There is an upside to this mayhem. Reality check has become the norm. Productivity and efficiency have become paramount as employers hope to extract more work from employees. Therefore, when the dust settles down, you may witness the emergence of a lean and mean India Inc.

Alam Srinivas | Print Edition: December 11, 2008

It is a grim scenario out there. This is especially true of sectors such as real estate or financial services, where the impact of the global financial crisis has resulted in dramatic measures. While reporting for this issue's cover story package on mutual funds, we found that a combination of emotions such as fear and apprehension, and real events had left a visible impression on the fund managers, investors and those working in allied segments. Even the cabbies and restaurant owners at Mumbai's Nariman Point, which houses most of the financial services firms, were feeling the heat from the meltdown.

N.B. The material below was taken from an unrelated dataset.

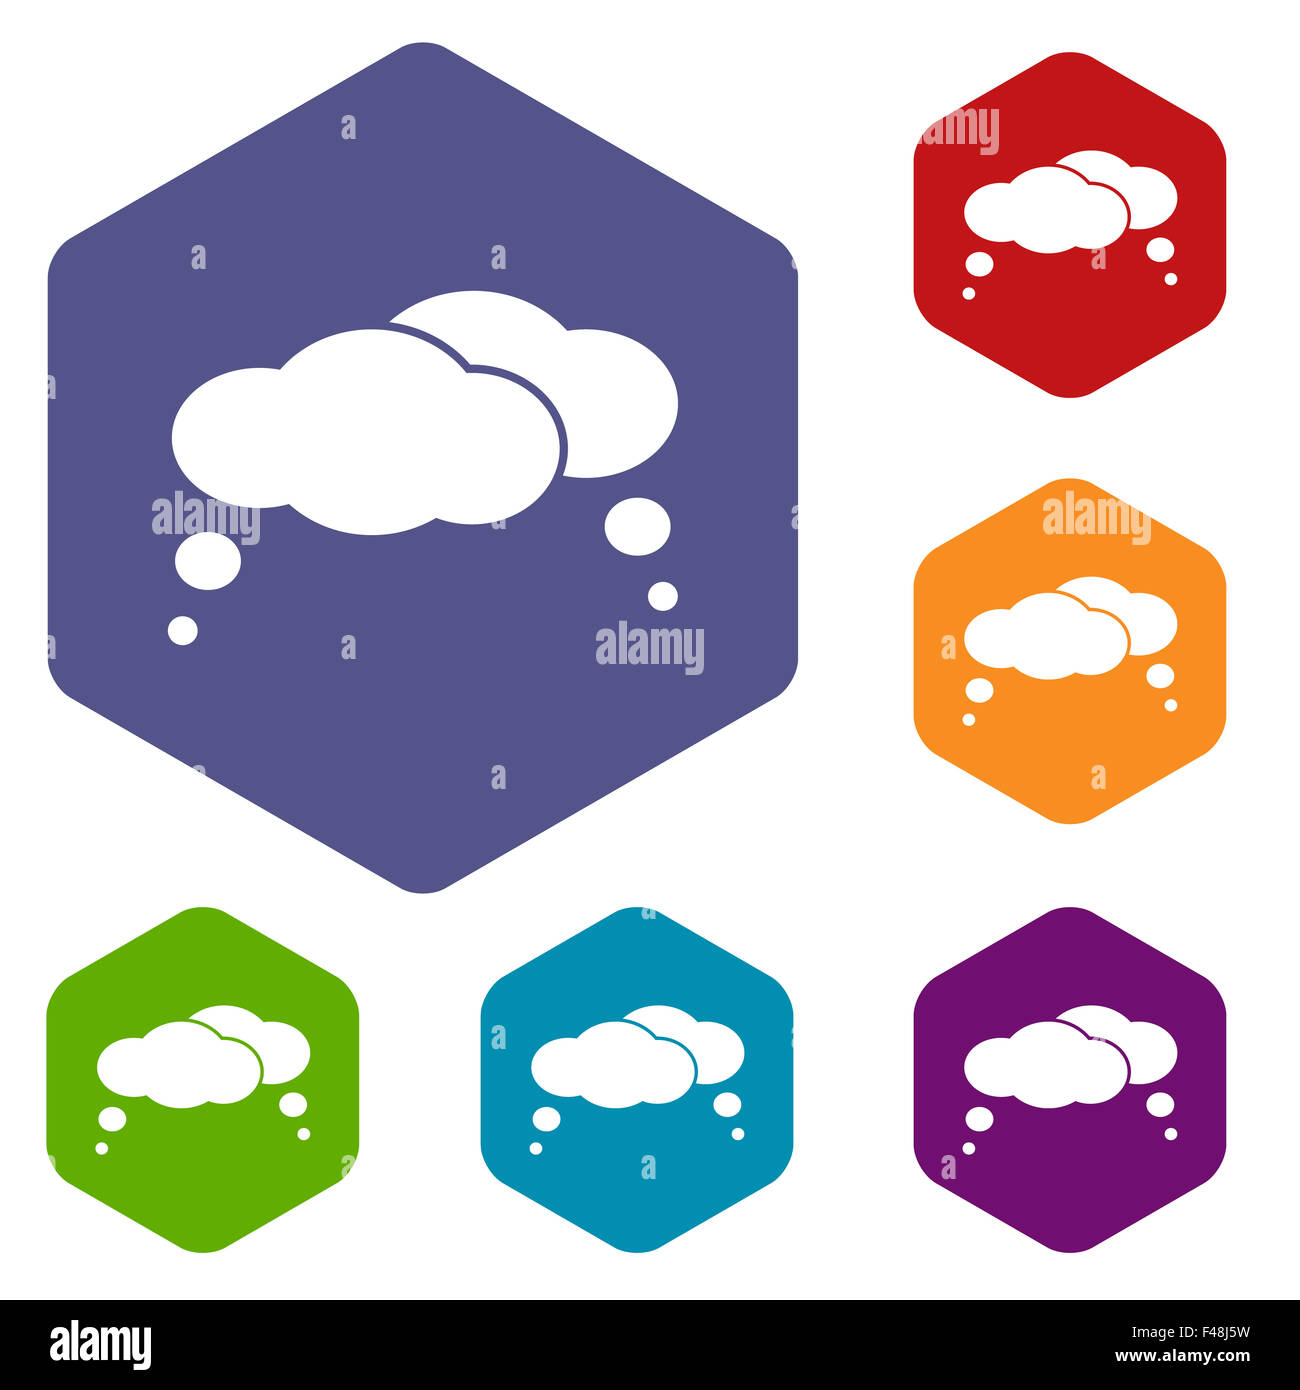 Clouds rhombus icons Stock Photo

The retail investors were rattled, to say the least, by the fall in the NAVs of products that they considered safe. They were more hurt by the reactions of the fund houses. "I was sold a long-term story, but no one told me about the possibility of short-term pain," said one. Others felt that the funds which were aggressively selling their products until a few months ago were either refusing to take calls or had stopped all communication. "I no longer get glossy brochures and letters exhorting me to invest in funds," said one.

Fund managers either blamed their bosses for the mess, or felt jittery about their personal finances. "I joined this fund house because of its pedigree. Now, I realise that the disclaimers about past performance do apply," said one of them. Another revealed that he was worried about how he would fund his son's education abroad. "If the crisis wasn't enough, the fall in the rupee has added to my woes," he said. The fact is that every fund manager is struggling. Restaurant owners claim that business is down because the employees of financial services firms no longer make their customary daily visits.

But there is an upside to this mayhem. Reality check has become the norm. Salaries are becoming more realistic; so are expenses as employees are being forced to scale down their travel, entertainment and other expenses. More importantly, productivity and efficiency have become paramount as employers hope to extract more work from employees. Therefore, when the dust settles down, you may witness the emergence of a lean and mean India Inc, which focuses on performance. This means that anyone who is an asset today will remain so tomorrow.